What the task requires:
The result should be the full listing copied exactly, with no pictures in it.

Data shown:
+===+

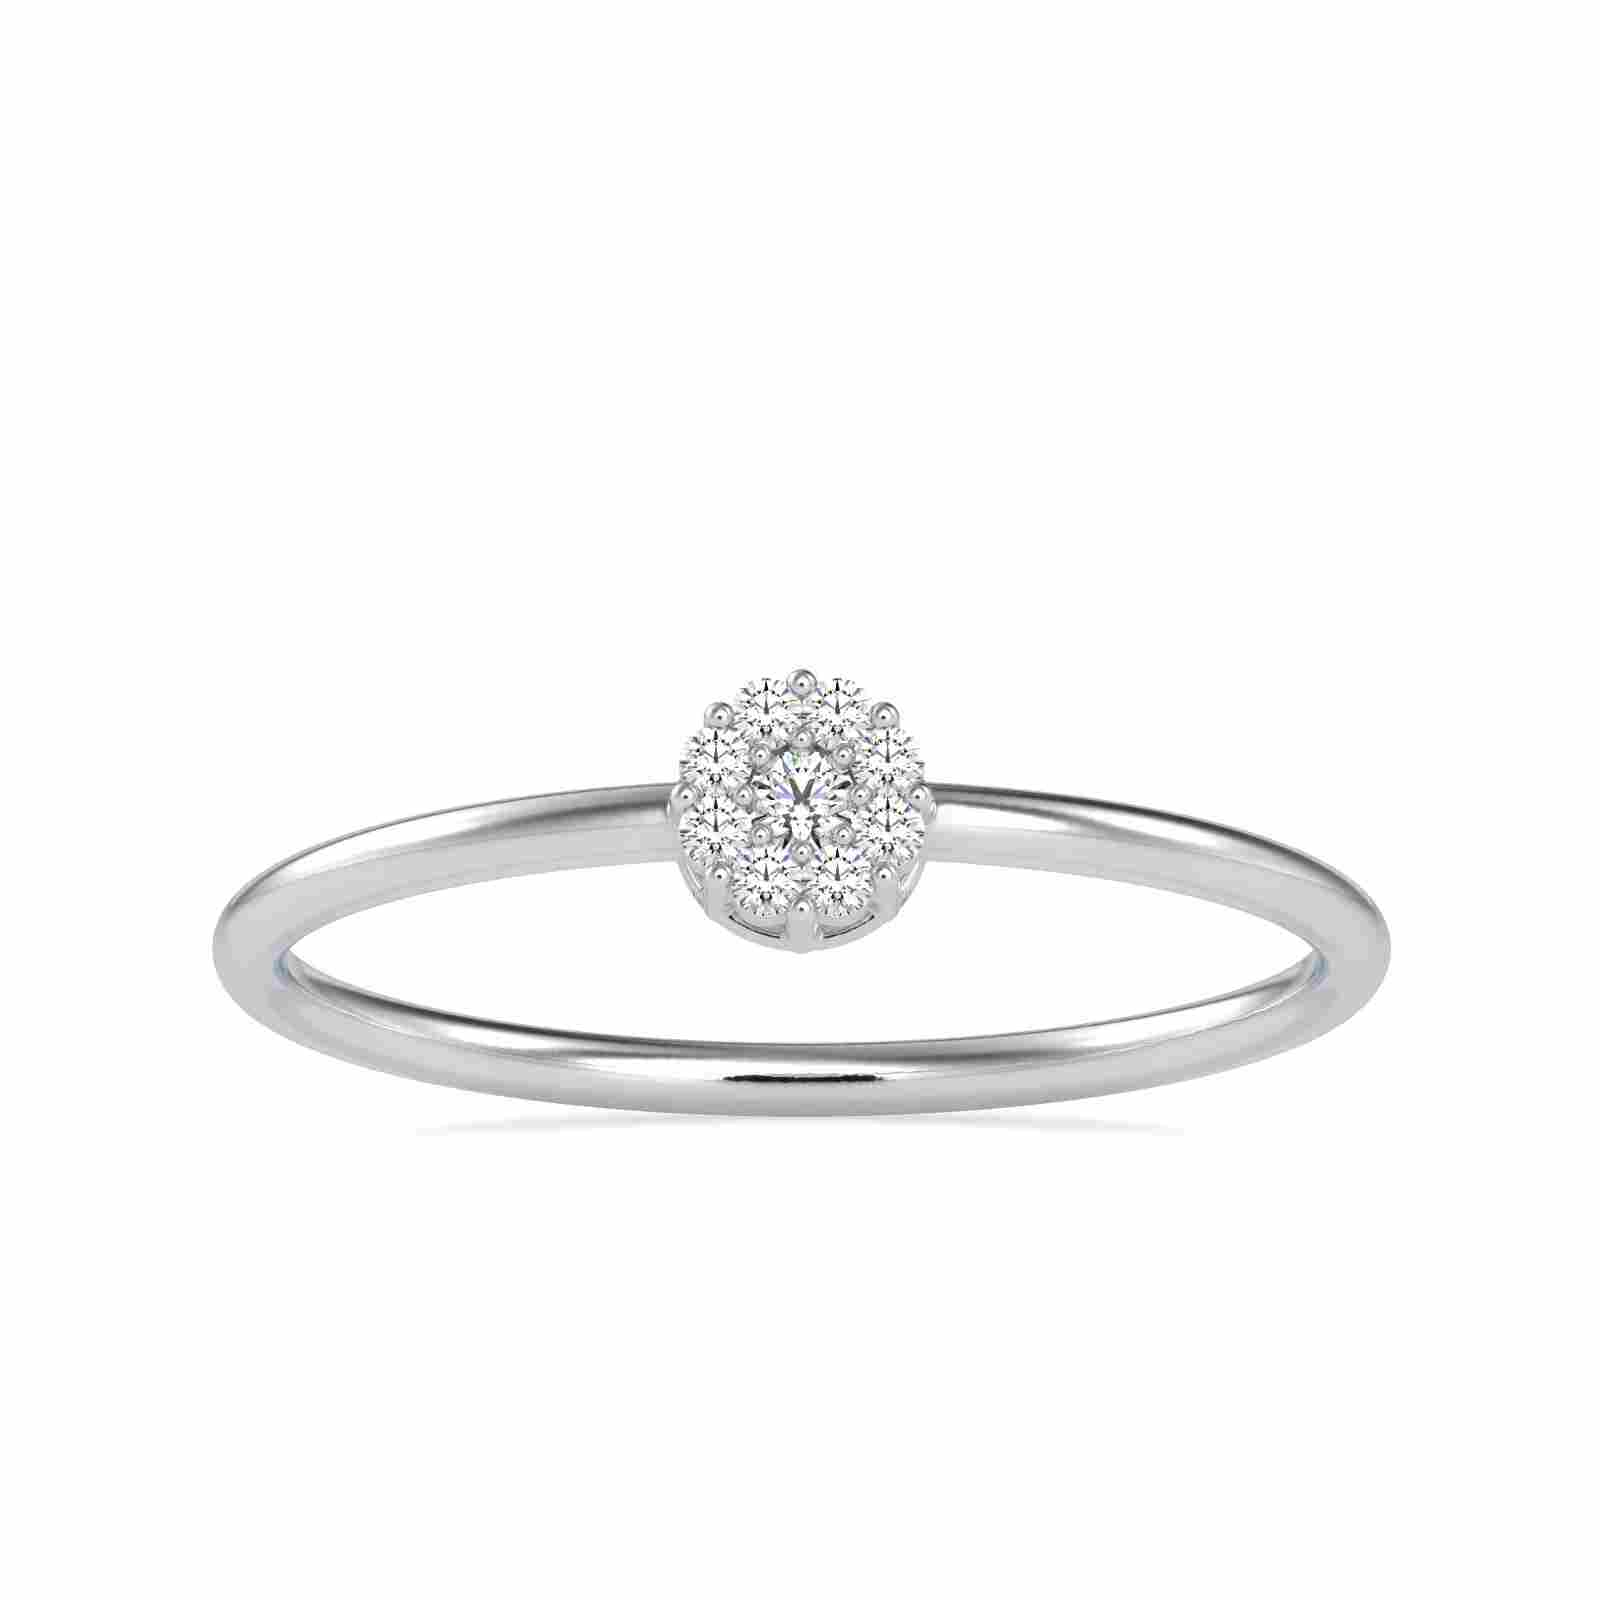 0.07CT Natural Diamond 14K White Gold Ring
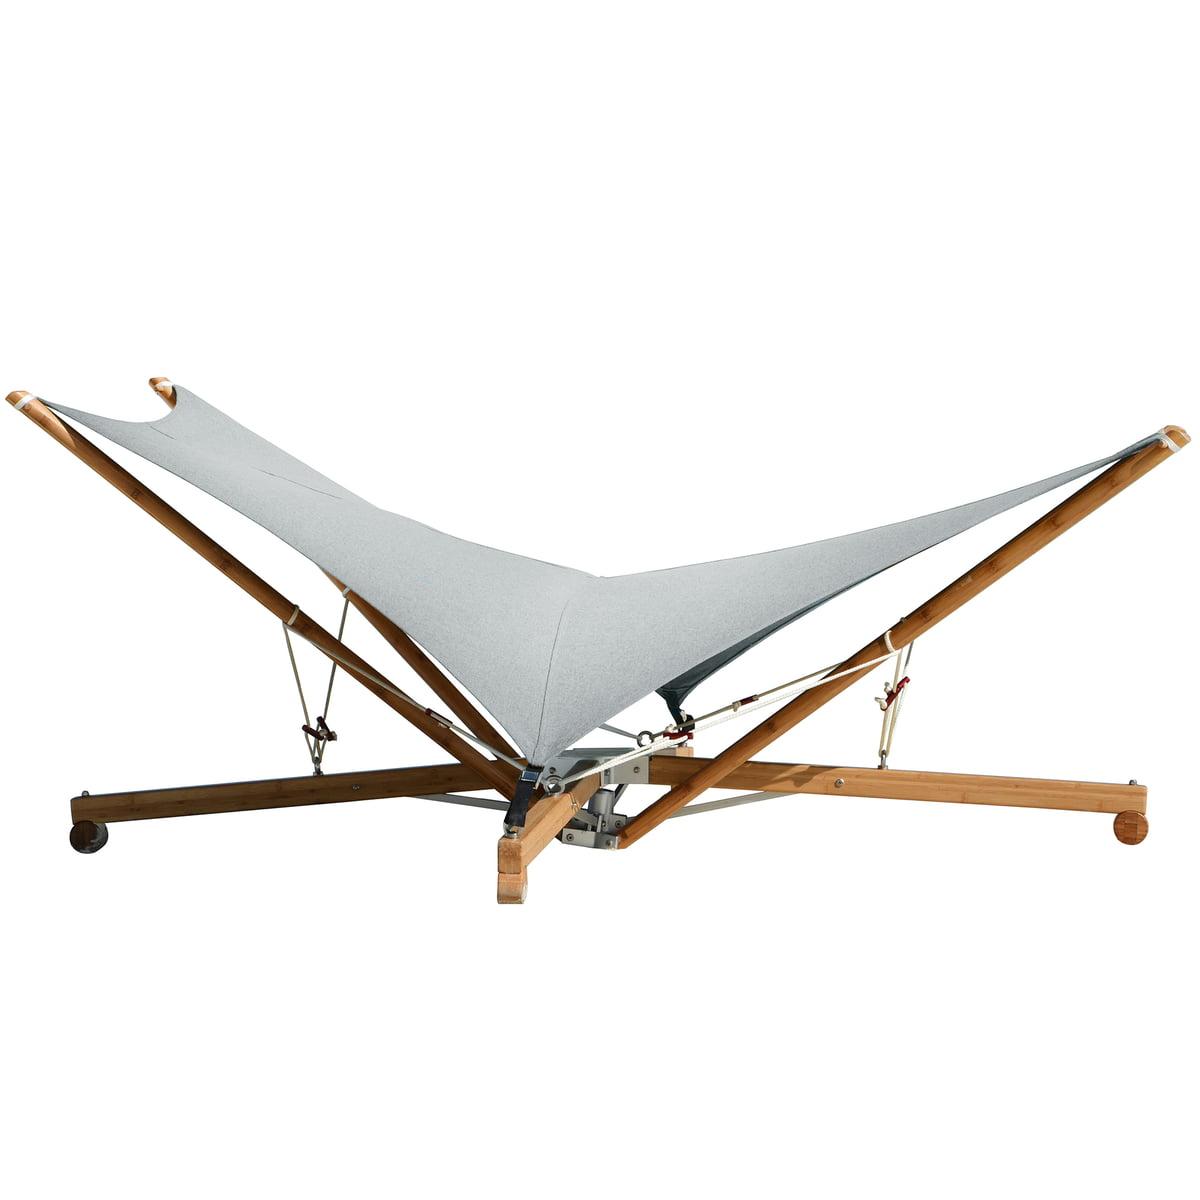 Cacoon - Kajito Hängematte / Liegestuhl, Bambusstruktur, Stoff earth / moon | Garten > Hängematten | Cacoon
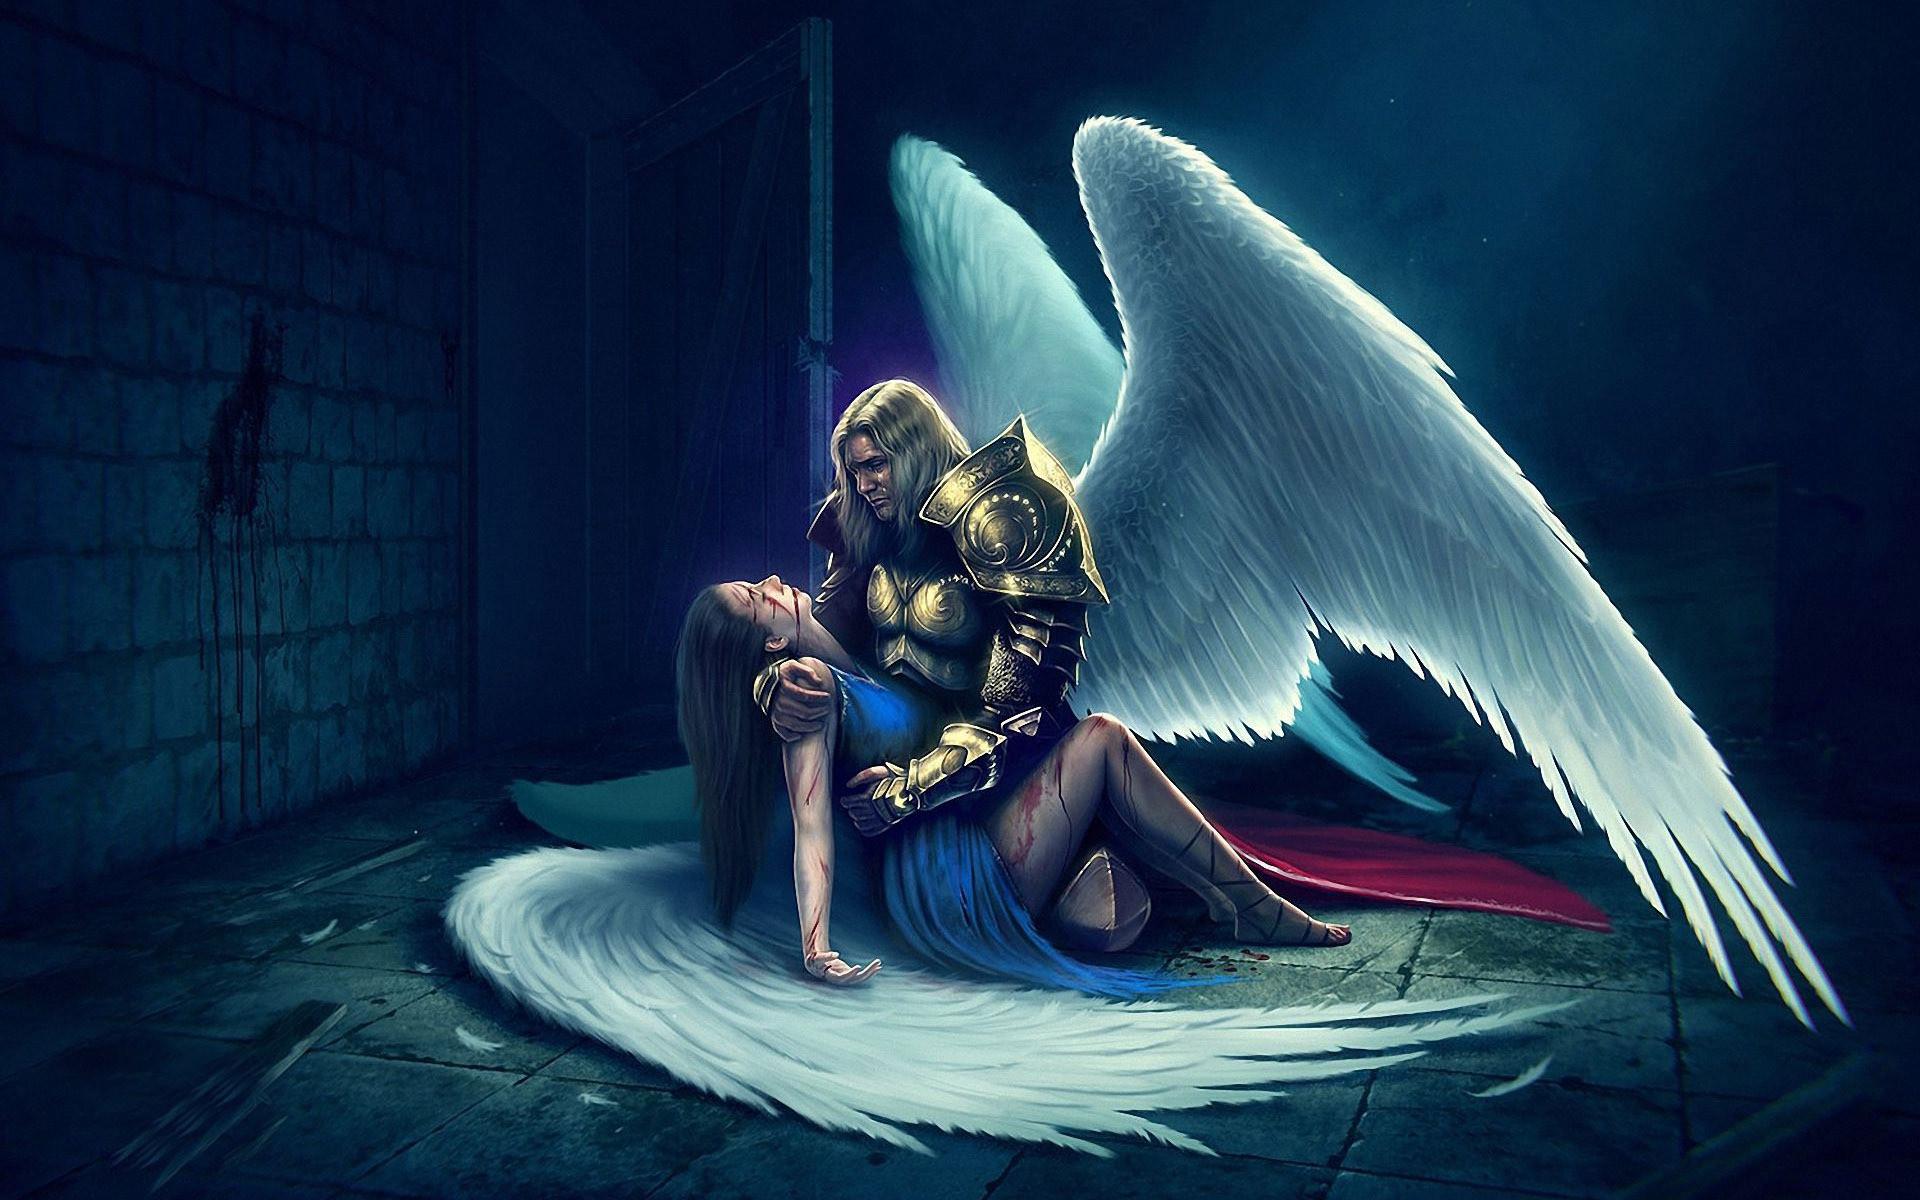 Dying angel wallpaper #18413

+===+

Solved problem:
 0.07CT Natural Diamond 14K White Gold Ring
 Cacoon - Kajito Hängematte / Liegestuhl, Bambusstruktur, Stoff earth / moon | Garten > Hängematten | Cacoon
 Dying angel wallpaper #18413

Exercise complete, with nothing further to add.